4.6
February 11, 2021

When Love Fills You with Poetry.

Love and loss have taken away my desire to study and instead filled me with poetry.

I have tried to open my books on psychological theories, but I can’t.

Instead, I read a message you once sent me until the tears arrive and my vision becomes blurry.

I’ve been told my poetry is a gift.

I fake a smile when I hear this and cry later.

I try to keep my feelings at bay and return to my studies, but I can’t.

Each morning and night, I find myself writing.

I used to take a hot shower to wash away the day.

Now, I take one to trick myself into thinking that its warmth is you.

A magician once told me in Brazil that I was to be a writer one day.

I laughed at this and told him no, I am to be a psychologist.

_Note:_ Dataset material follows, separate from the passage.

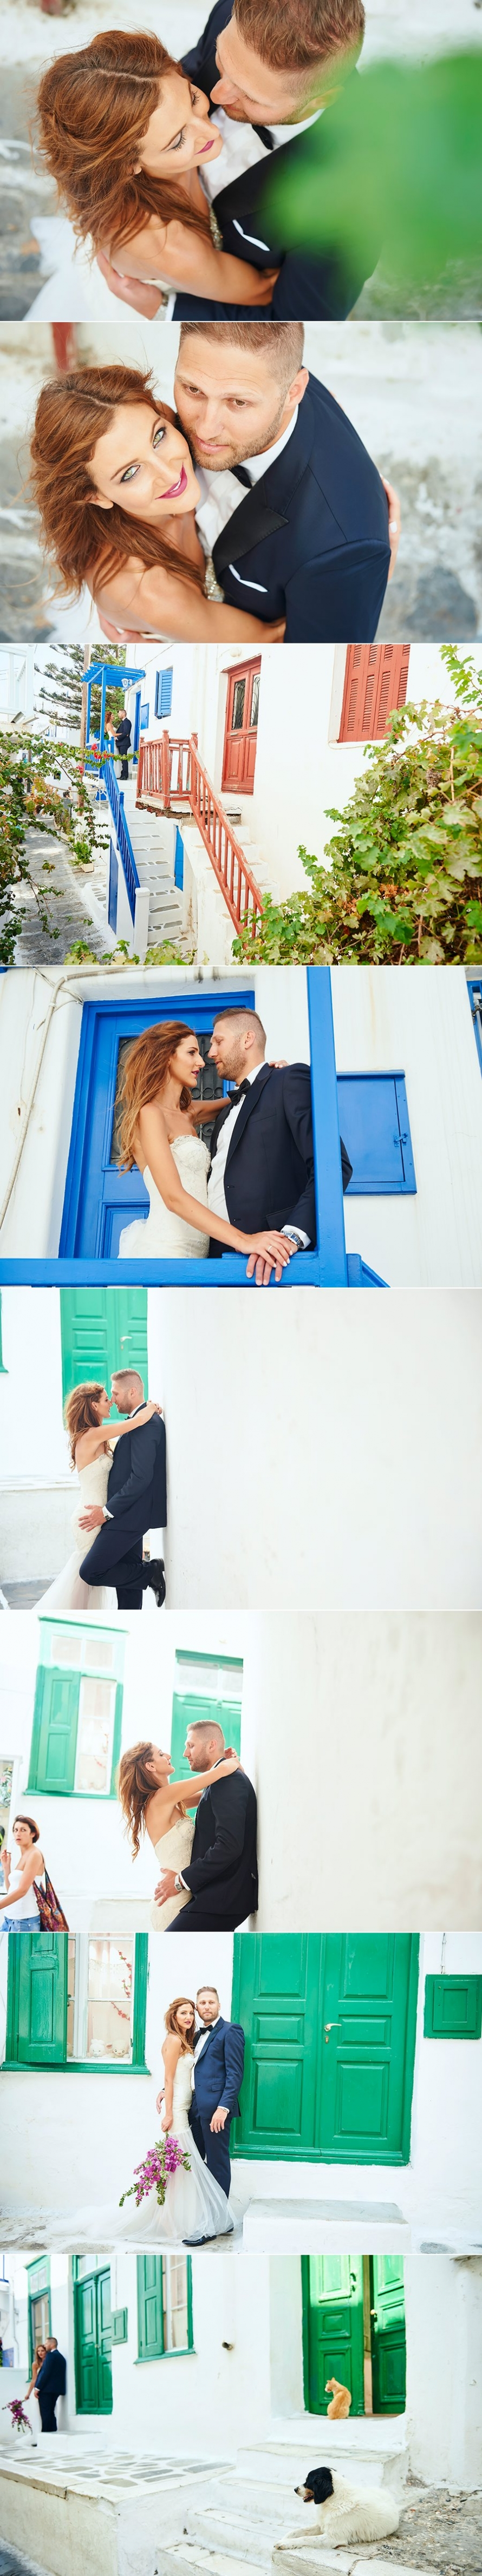 Gragan Gloria wedding photo 03

He smiled gently at me and said, “Maybe, but your greatest gift is writing.”

I woke up this morning and began to read a collection of poems by Rumi I found in this bookstore in a town near the Skagit River in the Pacific Northwest.

I wonder if Rumi wanted to be a poet.

I wonder if he knew he had a gift.

I wonder if he also felt this much.

I think this line says it all:

“Love has taken away my practices and filled me with poetry.” ~ Rumi

Maybe I spend more time writing poetry than I do reading about developmental psychology these days.

Maybe I now wake up and write.

Maybe this is true.

It’s okay, though.

Because just like Rumi, I fell in love a few times.

Several times, in fact.

And now that love has taken me away from my practices and filled me with poetry.

And I can wish it away all I want, but I can’t change it.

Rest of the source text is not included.